REQUIRED WORK -
Search the material below for the string "American" and copy each line where it appears.

PROVIDED DATA -
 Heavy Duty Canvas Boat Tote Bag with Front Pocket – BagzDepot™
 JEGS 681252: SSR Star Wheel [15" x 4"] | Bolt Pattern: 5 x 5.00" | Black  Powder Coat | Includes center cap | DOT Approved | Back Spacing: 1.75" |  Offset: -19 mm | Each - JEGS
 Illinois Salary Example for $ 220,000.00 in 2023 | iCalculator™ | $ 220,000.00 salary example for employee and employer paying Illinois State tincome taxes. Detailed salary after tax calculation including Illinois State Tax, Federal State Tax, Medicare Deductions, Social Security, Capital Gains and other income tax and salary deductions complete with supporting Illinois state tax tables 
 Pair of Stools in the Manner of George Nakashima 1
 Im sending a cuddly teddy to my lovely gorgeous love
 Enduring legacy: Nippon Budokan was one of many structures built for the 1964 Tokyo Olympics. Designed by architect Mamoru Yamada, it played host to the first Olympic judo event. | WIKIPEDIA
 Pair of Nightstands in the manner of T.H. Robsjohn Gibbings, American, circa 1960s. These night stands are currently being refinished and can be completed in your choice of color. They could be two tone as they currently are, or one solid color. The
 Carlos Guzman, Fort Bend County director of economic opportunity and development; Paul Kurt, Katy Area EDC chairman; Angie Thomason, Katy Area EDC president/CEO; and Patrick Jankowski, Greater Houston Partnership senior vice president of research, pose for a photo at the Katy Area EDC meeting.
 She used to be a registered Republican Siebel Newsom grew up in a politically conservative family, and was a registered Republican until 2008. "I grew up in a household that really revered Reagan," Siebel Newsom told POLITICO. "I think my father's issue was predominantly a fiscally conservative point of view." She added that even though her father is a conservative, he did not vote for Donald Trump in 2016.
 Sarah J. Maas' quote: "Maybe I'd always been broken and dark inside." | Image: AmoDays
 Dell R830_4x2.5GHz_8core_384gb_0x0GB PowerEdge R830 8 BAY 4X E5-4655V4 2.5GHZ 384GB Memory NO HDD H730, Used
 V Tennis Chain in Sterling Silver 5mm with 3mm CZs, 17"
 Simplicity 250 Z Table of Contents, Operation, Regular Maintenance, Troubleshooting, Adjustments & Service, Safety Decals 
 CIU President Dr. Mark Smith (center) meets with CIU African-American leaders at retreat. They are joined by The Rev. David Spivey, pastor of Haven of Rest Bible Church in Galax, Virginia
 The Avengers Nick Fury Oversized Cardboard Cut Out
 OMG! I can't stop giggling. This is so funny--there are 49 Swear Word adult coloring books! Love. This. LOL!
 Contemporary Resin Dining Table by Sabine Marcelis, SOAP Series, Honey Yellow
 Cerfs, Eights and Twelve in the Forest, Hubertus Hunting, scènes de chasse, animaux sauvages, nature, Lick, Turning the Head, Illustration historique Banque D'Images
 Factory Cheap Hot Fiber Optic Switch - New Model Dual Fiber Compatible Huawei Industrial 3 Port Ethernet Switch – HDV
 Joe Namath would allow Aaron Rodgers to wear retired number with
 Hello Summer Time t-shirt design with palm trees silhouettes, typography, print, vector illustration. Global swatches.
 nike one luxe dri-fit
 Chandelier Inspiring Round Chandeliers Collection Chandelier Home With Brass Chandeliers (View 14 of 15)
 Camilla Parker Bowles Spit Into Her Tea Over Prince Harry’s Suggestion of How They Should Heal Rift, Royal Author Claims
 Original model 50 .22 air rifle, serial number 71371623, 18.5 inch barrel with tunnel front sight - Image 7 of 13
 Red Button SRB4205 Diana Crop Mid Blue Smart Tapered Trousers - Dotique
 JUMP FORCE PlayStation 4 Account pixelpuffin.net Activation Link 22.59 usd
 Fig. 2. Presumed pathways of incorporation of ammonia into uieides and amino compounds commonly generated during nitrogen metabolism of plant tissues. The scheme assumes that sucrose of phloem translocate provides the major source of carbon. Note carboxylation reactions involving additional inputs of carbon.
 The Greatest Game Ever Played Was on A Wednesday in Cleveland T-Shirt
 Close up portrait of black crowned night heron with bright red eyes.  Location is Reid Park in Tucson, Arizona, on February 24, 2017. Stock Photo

RESPONSE TO THIS TASK -
 Pair of Nightstands in the manner of T.H. Robsjohn Gibbings, American, circa 1960s. These night stands are currently being refinished and can be completed in your choice of color. They could be two tone as they currently are, or one solid color. The
 CIU President Dr. Mark Smith (center) meets with CIU African-American leaders at retreat. They are joined by The Rev. David Spivey, pastor of Haven of Rest Bible Church in Galax, Virginia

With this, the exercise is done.